**THE TASK:**
Please set down the data again exactly, minus the pictures.

**STORED DATA:**
__________

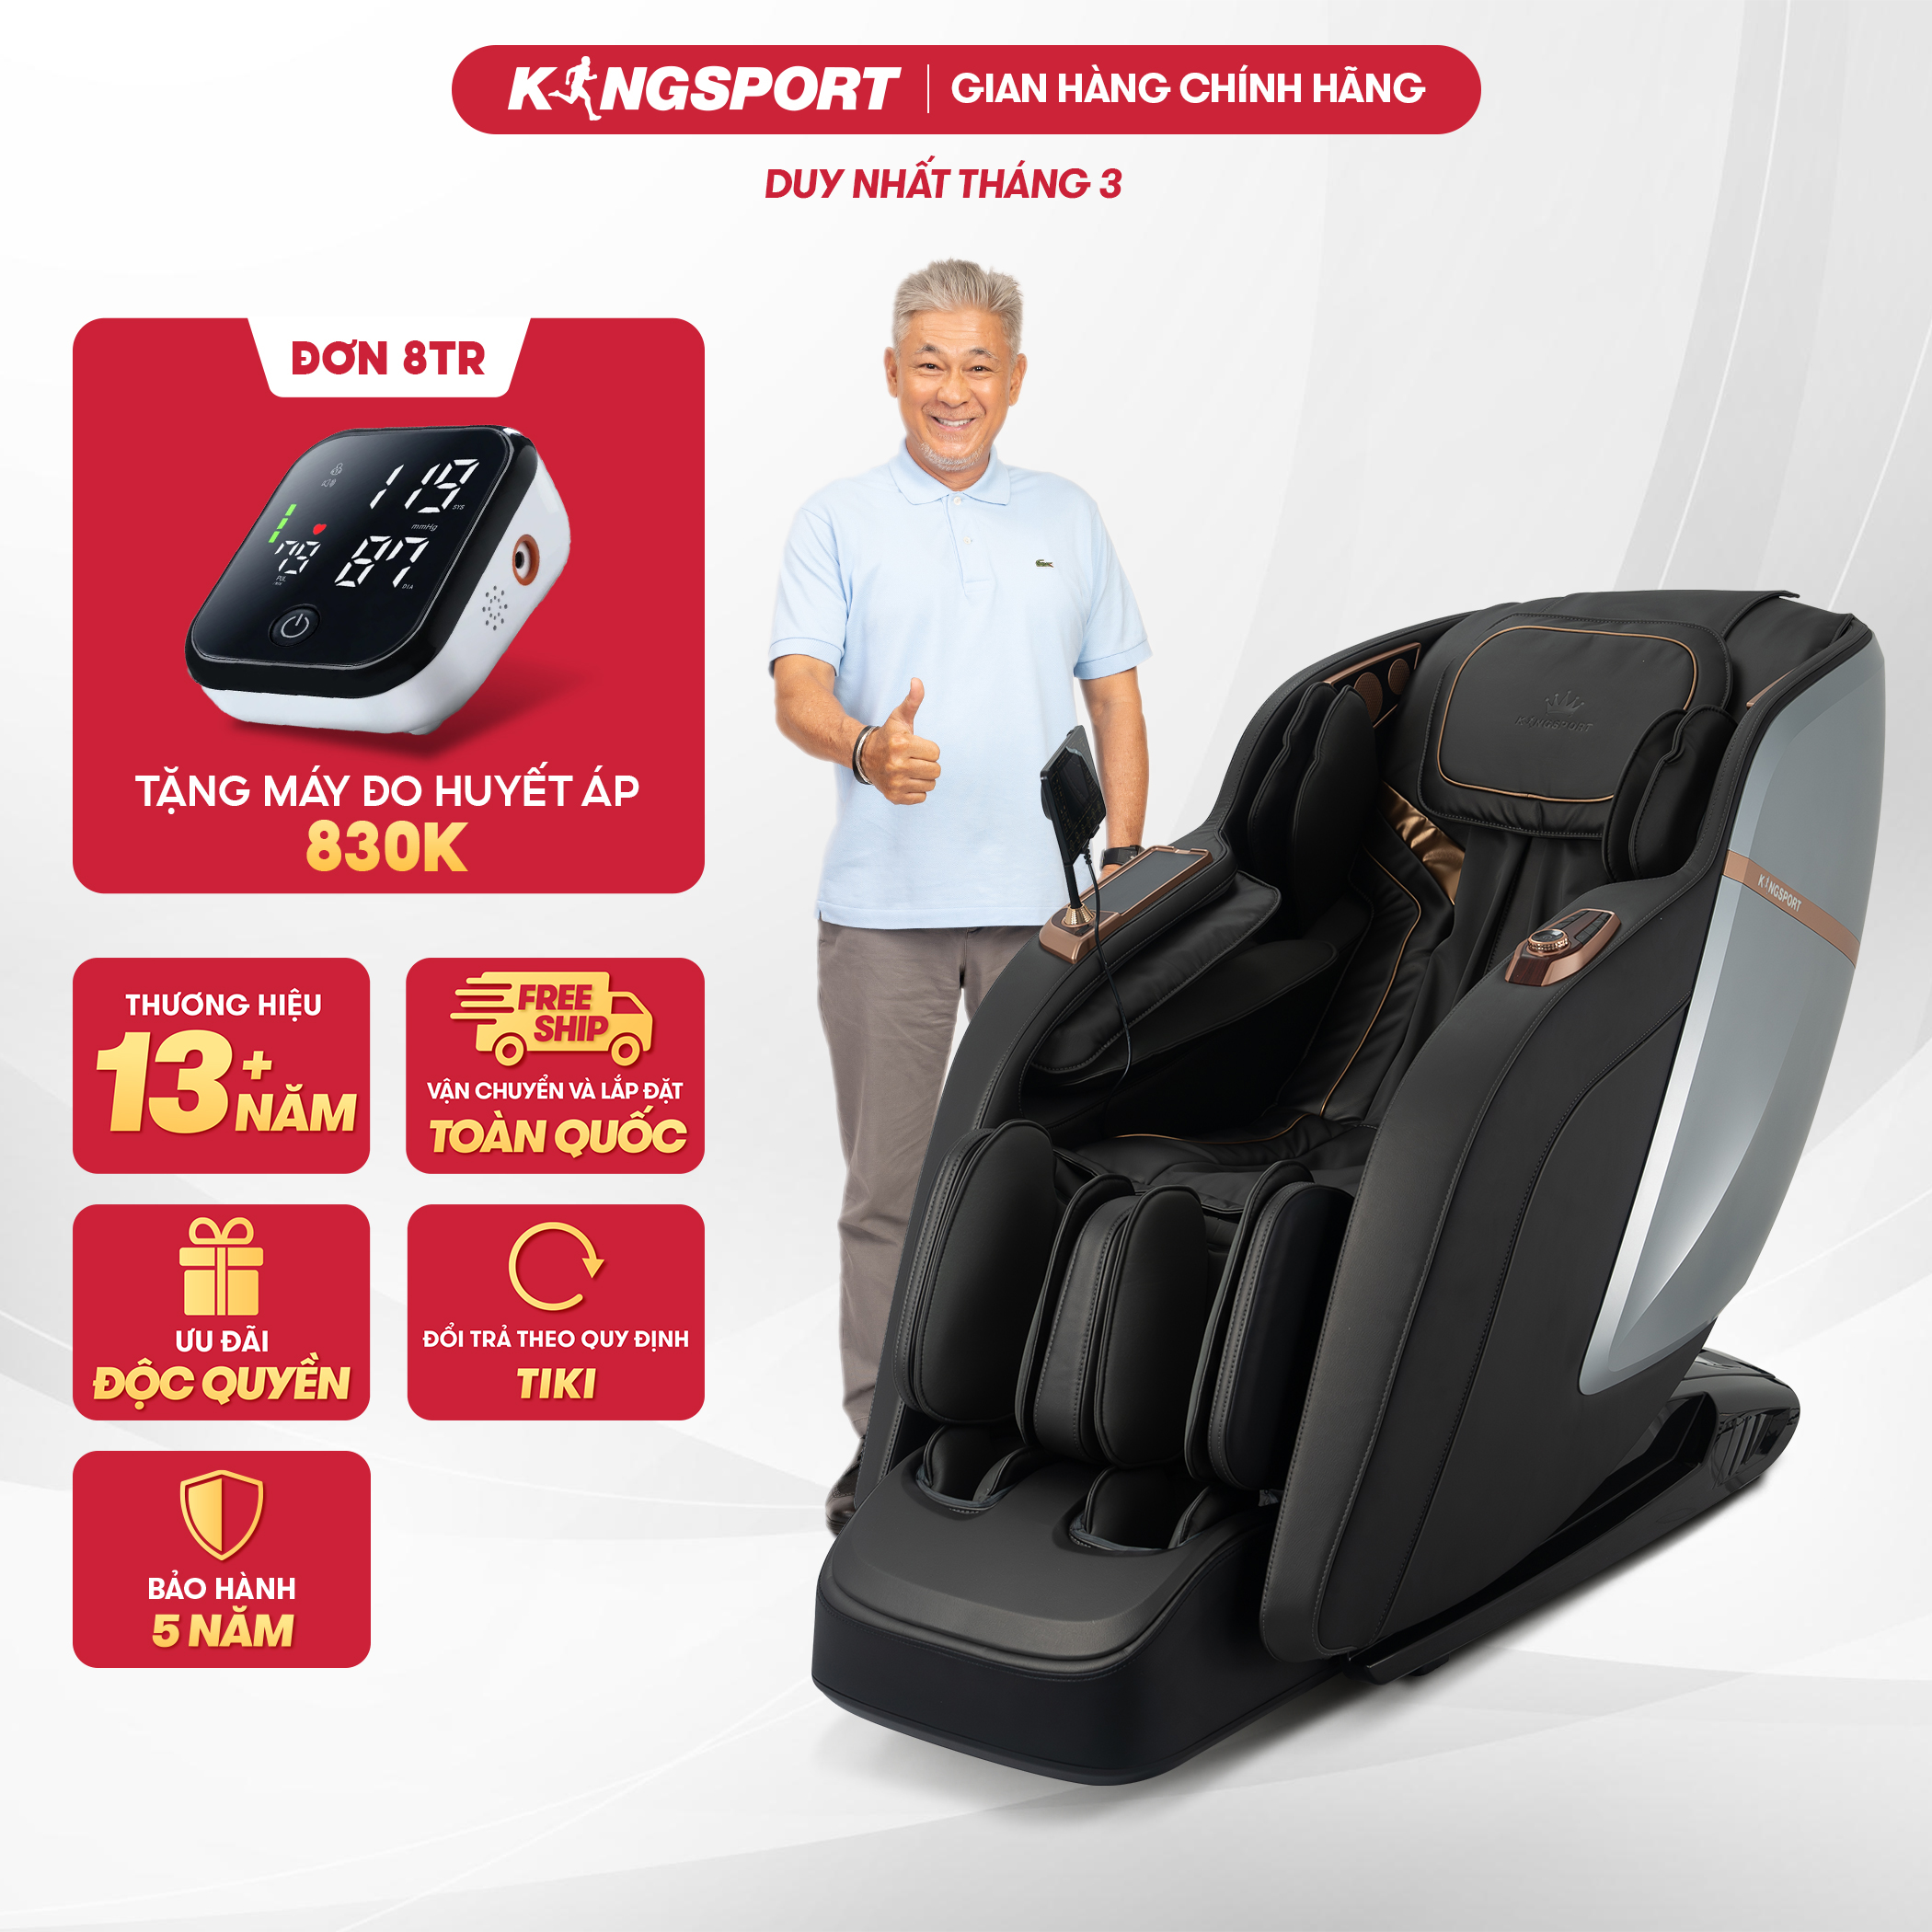 Ghế massage KINGSPORT G95 cao cấp, công nghệ massage 3D Ultra, công nghệ lọc khí Ion âm, massage từ tính lòng bàn tay
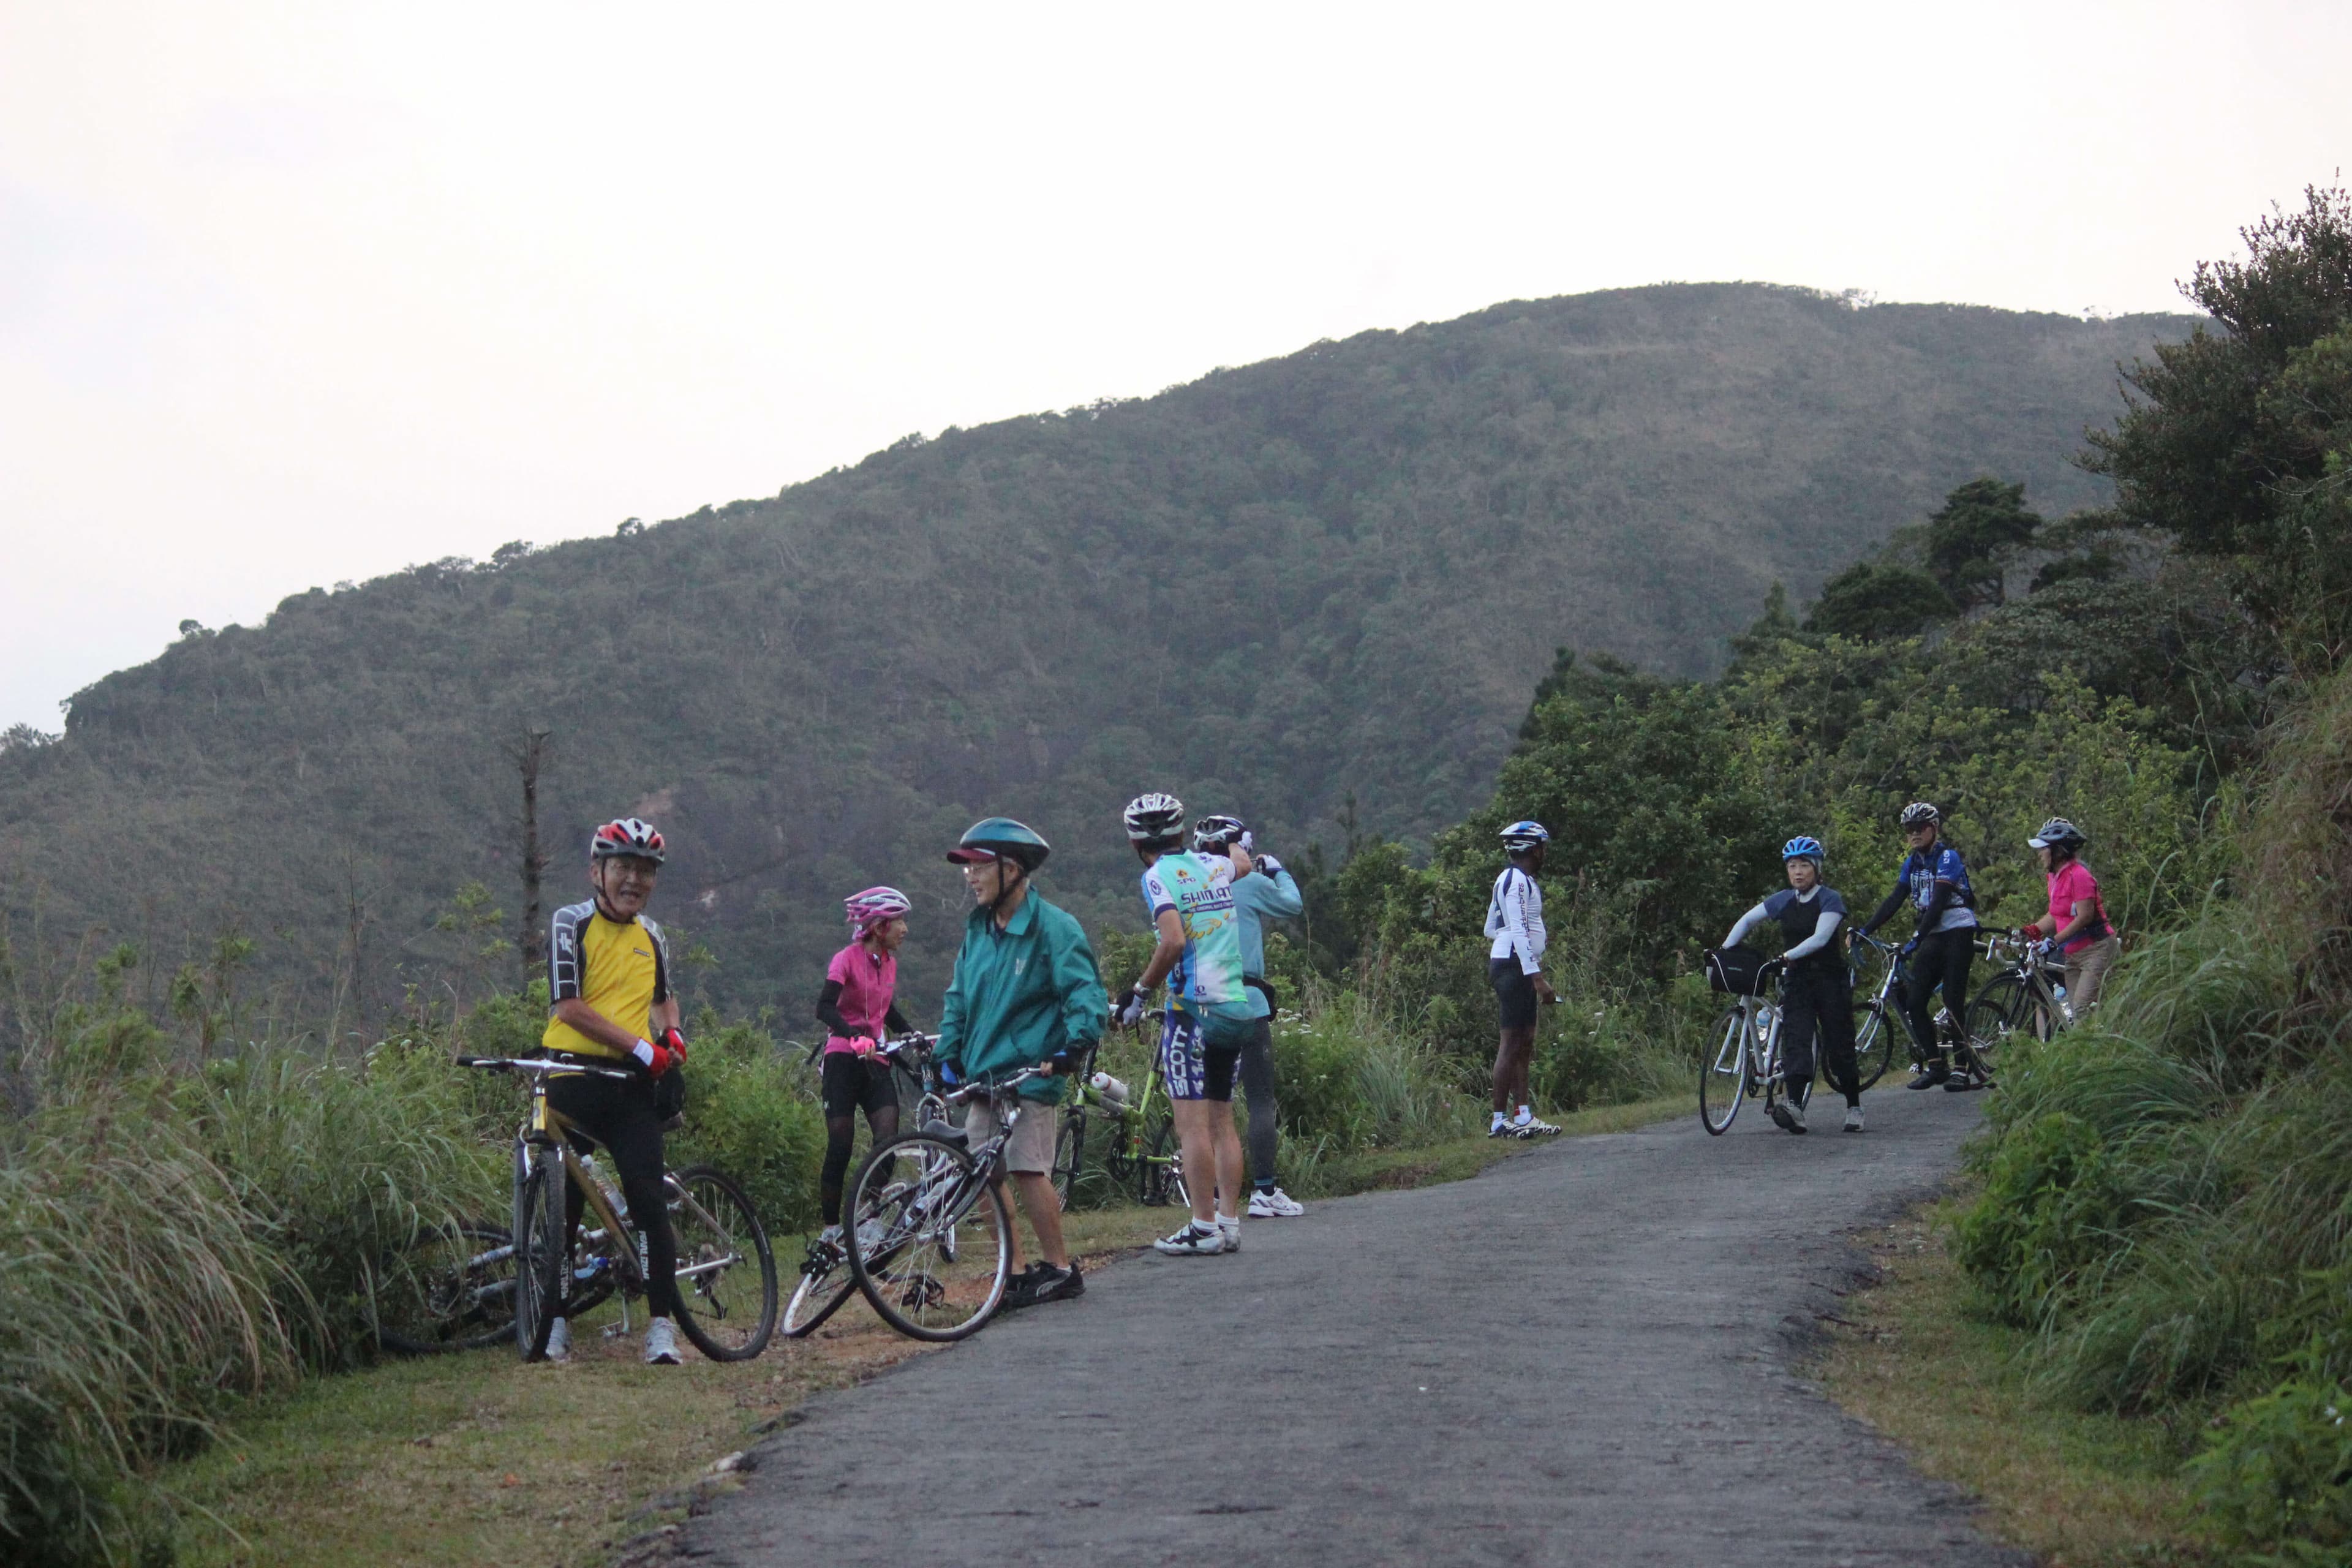 مجموعة من راكبي الدراجات يشاهدون مشاهد جميلة أثناء ركوب الدراجات إلى ميمور في سريلانكا
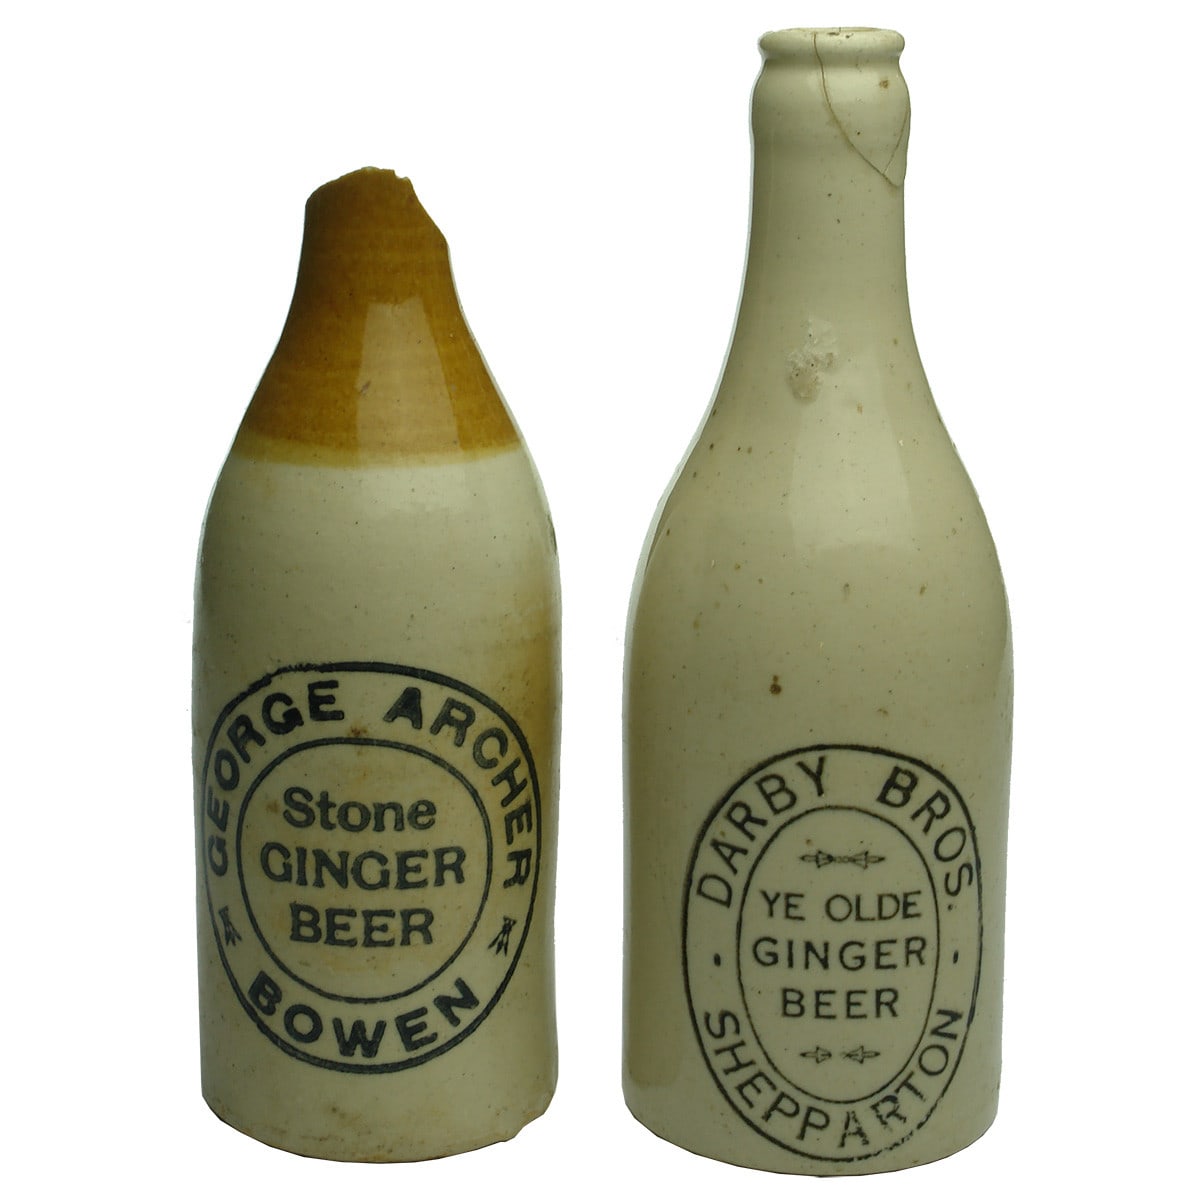 Ginger Beers. George Archer, Bowen; Darby Bros., Shepparton. (Queensland, Victoria)

__________

**WRITTEN ANSWER:**
 Ghế massage KINGSPORT G95 cao cấp, công nghệ massage 3D Ultra, công nghệ lọc khí Ion âm, massage từ tính lòng bàn tay
 مجموعة من راكبي الدراجات يشاهدون مشاهد جميلة أثناء ركوب الدراجات إلى ميمور في سريلانكا
 Ginger Beers. George Archer, Bowen; Darby Bros., Shepparton. (Queensland, Victoria)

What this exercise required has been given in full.